The non-baryonic candidates can be grouped into three broad categories: hot, warm and cold. Hot dark matter refers to particles, such as the known types of neutrinos, which are moving at near the speed of light when the clumps that would form galaxies and clusters of galaxies first began to grow. Cold dark matter refers to particles that were moving slowly when the pre-galactic clumps began to form, and warm dark matter refers to particles with speeds intermediate between hot and cold dark matter.

This classification has observational consequences for the size of clumps that can collapse in the expanding universe. Hot dark matter particles are moving so rapidly that clumps with the mass of a galaxy will quickly disperse. Only clouds with the mass of thousands of galaxies, that is, the size of galaxy clusters, can form. Individual galaxies would form later as the large cluster-sized clouds fragmented, in a top-down process.

In contrast, cold dark matter can form into clumps of galaxy-sized mass or less. Galaxies would form first, and clusters would form as galaxies merge into groups, and groups into clusters in a bottom-up process.
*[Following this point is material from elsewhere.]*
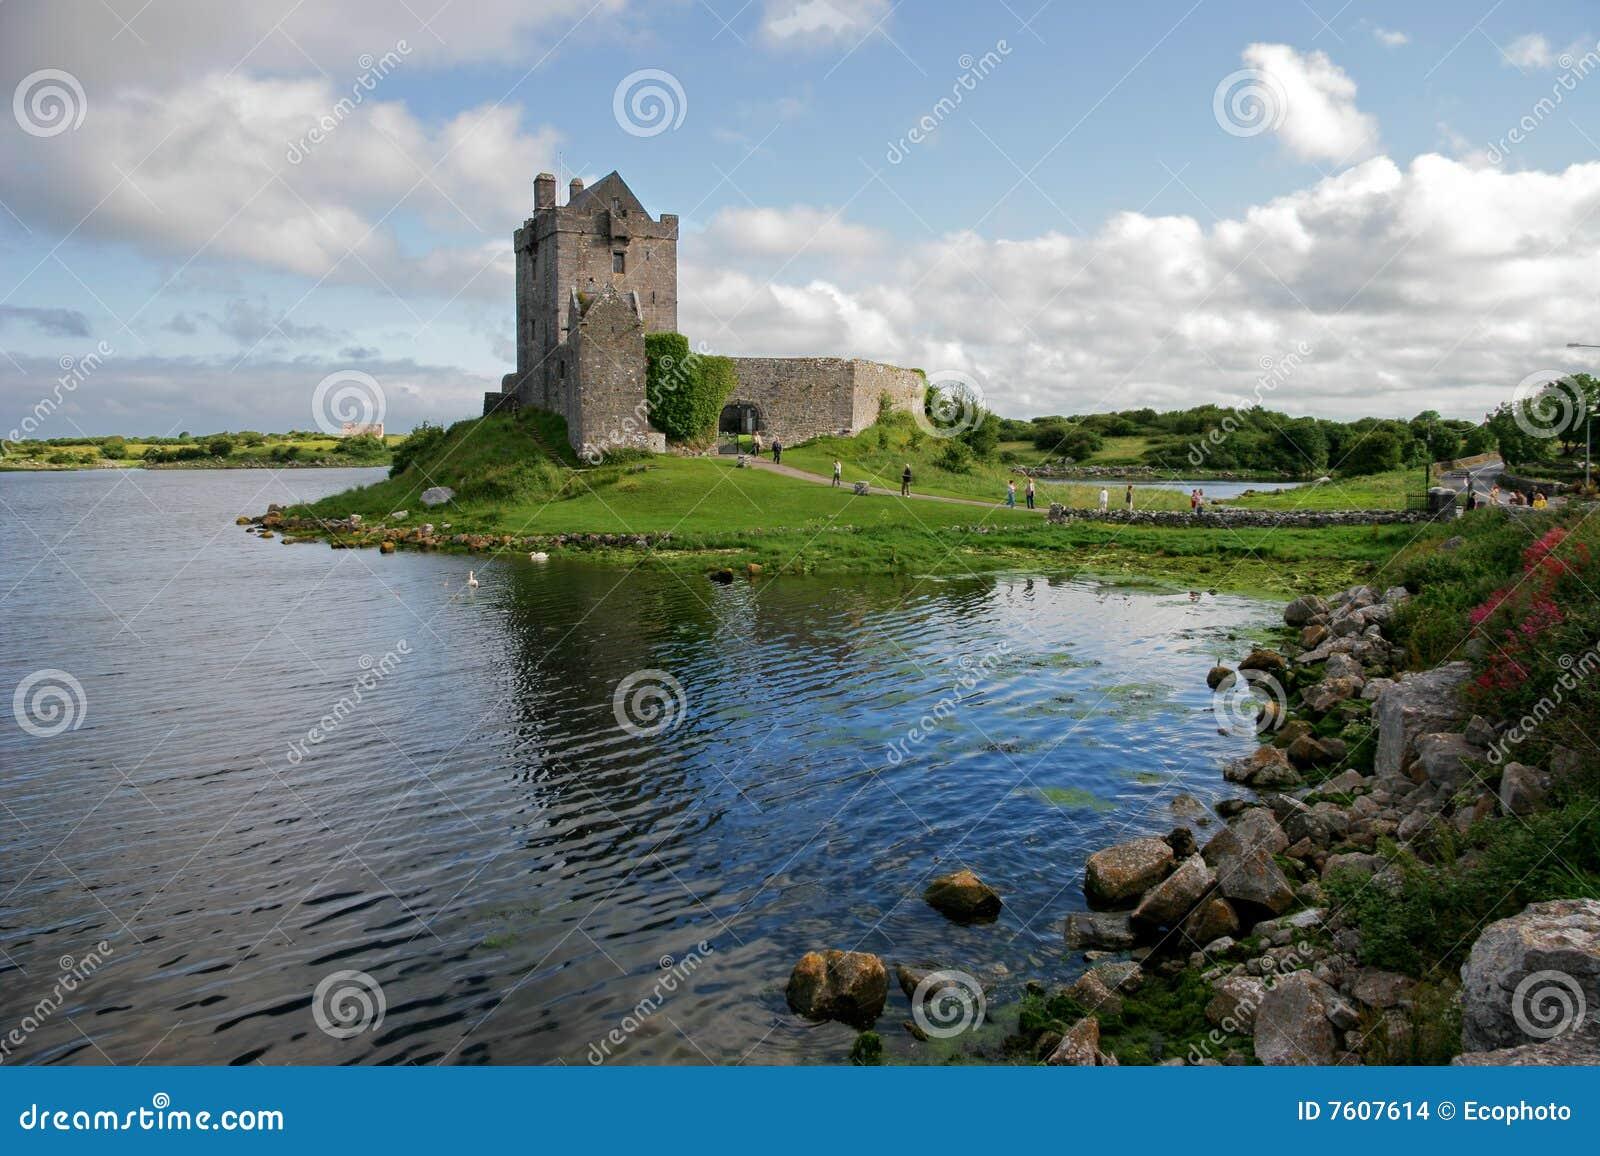 Castelo de Dunguaire. Ireland

The observations with Chandra show many examples of clusters being constructed by the merger of groups and sub-clusters of galaxies. This and other lines of evidence that galaxies are older than groups and clusters of galaxies strongly support the cold dark matter alternative. The leading candidates for cold dark matter are particles called WIMPs, for Weakly Interacting Massive Particles. WIMPs are not predicted by the so-called Standard Model for elementary particles, but attempts to construct a unified theory of all elementary particles suggest that WIMPs might have been produced in great numbers when the universe was a fraction of a second old.

A typical WIMP is predicted to be at least 100 times as massive as a hydrogen atom. Possible creatures in the zoo of hypothetical WIMPs are neutralinos, gravitinos, and axinos. Other possibilities that have been discussed include sterile neutrinos and Kaluza-Klein excitations related to extra dimensions in the universe.